Nach einer Hirnverletzung mit Hemiplegie entsteht oft das Bedürfnis, beim Gehen ständig auf die Füße zu schauen: „Was machen meine Beine gerade?“ „Setze ich richtig auf?“„Werde ich stolpern?“

Dieses Verhalten ist verständlich – das Gehirn versucht, Kontrolle zurückzuerlangen. Doch zu viel visuelle Kontrolle hemmt die automatische Gangsteuerung und verstärkt Unsicherheit.

Ich darf den Blick heben. Mein Körper erinnert sich an Bewegung. Ich gewinne Sicherheit Schritt für Schritt zurück.

Warum der Blick nach unten nicht hilft
  • Visuelle Übersteuerung: Das Gehirn verlässt sich zu stark auf die Augen, statt auf Gleichgewicht und Körpergefühl.
  • Gestörte Propriozeption: Nach einer Hemiplegie ist das Gefühl für Beinposition und Bewegung oft reduziert – der Blick ersetzt das Gefühl, aber blockiert die Automatik.
  • Verlust der Aufrichtung: Wer ständig nach unten schaut, kippt leicht nach vorn, was das Gleichgewicht weiter destabilisiert.
Wie du Sicherheit zurückeroberst
  • Blick nach vorn trainieren: Schrittweise üben, den Blick auf die Umgebung zu richten – zuerst kurz, dann länger.
  • Körperwahrnehmung aktivieren: Spüren, wie sich Gewicht verlagert, wie der Fuß den Boden berührt.
  • Gangrhythmus hören: Schritte bewusst hören – das fördert Gleichgewicht und Vertrauen.
  • Therapeutische Begleitung: Mit Physio oder Neurotrainer gezielt üben, Blick und Bewegung zu koordinieren.
  • Selbstgespräch als Anker: „Ich gehe sicher. Mein Körper weiß, was zu tun ist.“
Strategie: Den Kontrollblick nach unten abtrainieren
1. Blickfenster‑Training

Du erlaubst dir kurze Blickwechsel nach vorn:

  • 1–2 Schritte nach unten schauen
  • dann bewusst 1–2 Schritte nach vorn schauen
  • langsam steigern So lernt das Gehirn: „Ich kann gehen, ohne alles zu überwachen.“
2. Verbale Anker setzen

Kurze Sätze im Kopf helfen, die Aufmerksamkeit umzulenken:

  • „Ich gehe sicher.“
  • „Meine Füße wissen, was sie tun.“
  • „Blick nach vorn.“ Das ersetzt den Kontrollimpuls.
3. Schritte hören statt sehen

Das Gehör übernimmt einen Teil der Kontrolle:

  • Schrittgeräusch links
  • Schrittgeräusch rechts Das stärkt Rhythmus und Gleichgewicht.
4. Gewichtsverlagerung bewusst spüren

Beim Gehen kurz wahrnehmen:

  • Wie fühlt sich der Standfuß an?
  • Wie fühlt sich der Schwungfuß an? Das aktiviert Propriozeption und reduziert den Blickbedarf.
5. Sichere Umgebung wählen

In vertrauten Räumen üben:

  • Flur
  • Gartenweg
  • Therapieraum Wenn die Umgebung sicher ist, sinkt der Kontrolldruck.
6. Therapeutische Begleitung nutzen

Therapeut*innen geben Rückmeldung: „Dein Fuß setzt richtig auf.“ „Dein Knie arbeitet gut.“ Das ersetzt den visuellen Kontrollblick.

7. Mini‑Ziele setzen
  • 3 Schritte ohne Blick
  • 5 Schritte ohne Blick
  • 10 Schritte ohne Blick Das Gehirn lernt in kleinen, machbaren Dosen.

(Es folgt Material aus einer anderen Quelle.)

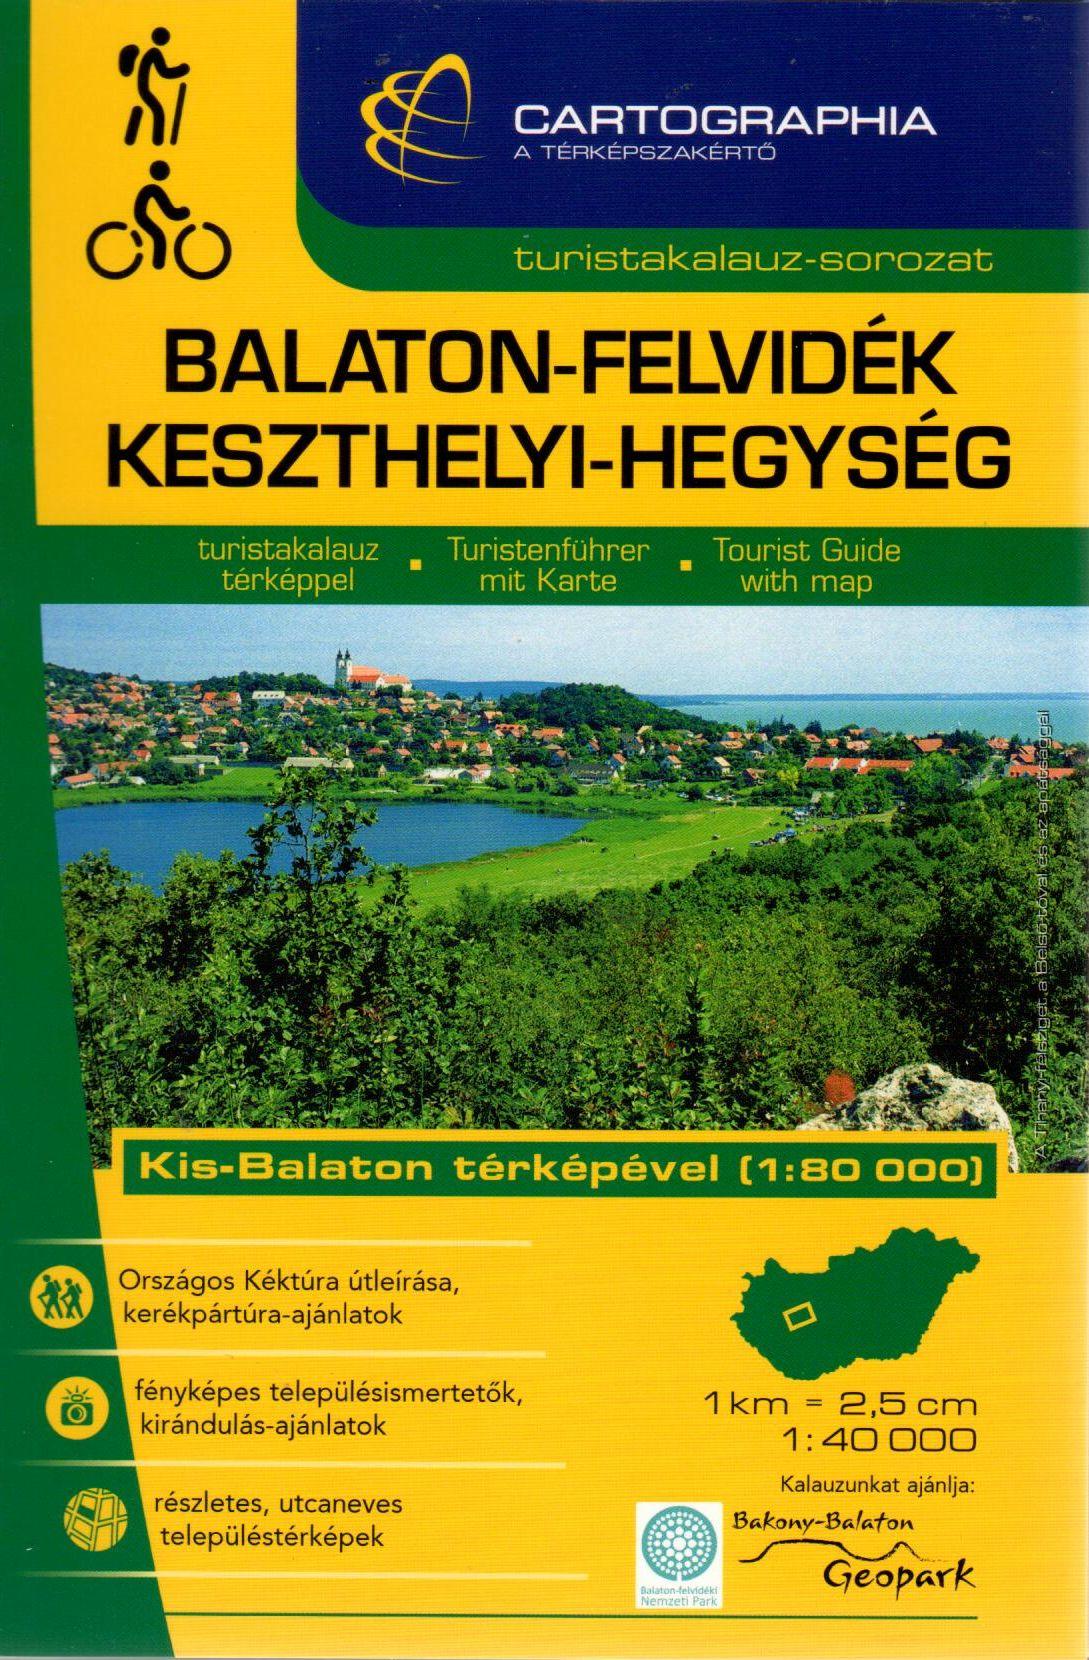 Including city maps: Balatonalmádi, Balatonfüred, Hévíz, Keszthely, Nagyvázsony, Sümeg, Tapolca, Tihany.

Diese Übung hilft dir, den Blick nach vorn zu stabilisieren, ohne dich unsicher zu fühlen.

Schritt 1 – Einen Blickpunkt wählen

Such dir beim Gehen einen Punkt vor dir, etwa 2–3 Meter entfernt: eine Tür, ein Bild, ein Baum, ein Stuhl. Dieser Punkt ist dein „sicherer Anker“.

Schritt 2 – 3 Schritte mit Blick nach vorn

Gehe nur drei Schritte, während du den Blick auf diesen Punkt hältst. Nicht mehr. Nicht weniger. Kurz, machbar, sicher.

Schritt 3 – Kurz nach unten schauen (erlaubt!)

Erlaube dir einen kurzen Kontrollblick nach unten. Nur eine Sekunde. Dann wieder hoch zum Blickpunkt.

Schritt 4 – Wiederholen und verlängern

Mach daraus ein kleines Muster:

  • 3 Schritte Blick nach vorn
  • 1 kurzer Blick nach unten
  • wieder 3 Schritte Blick nach vorn

Wenn das gut klappt, mach daraus 4 Schritte, später 5.

Warum diese Übung wirkt
  • Sie gibt dir ein Gefühl von Kontrolle, ohne dich zu überfordern.
  • Sie reduziert Angst, weil der Kontrollblick nicht verboten, sondern dosiert wird.
  • Sie trainiert Propriozeption, weil das Gehirn lernt: „Ich kann gehen, ohne alles zu überwachen.“
  • Sie stärkt Aufrichtung und Gleichgewicht.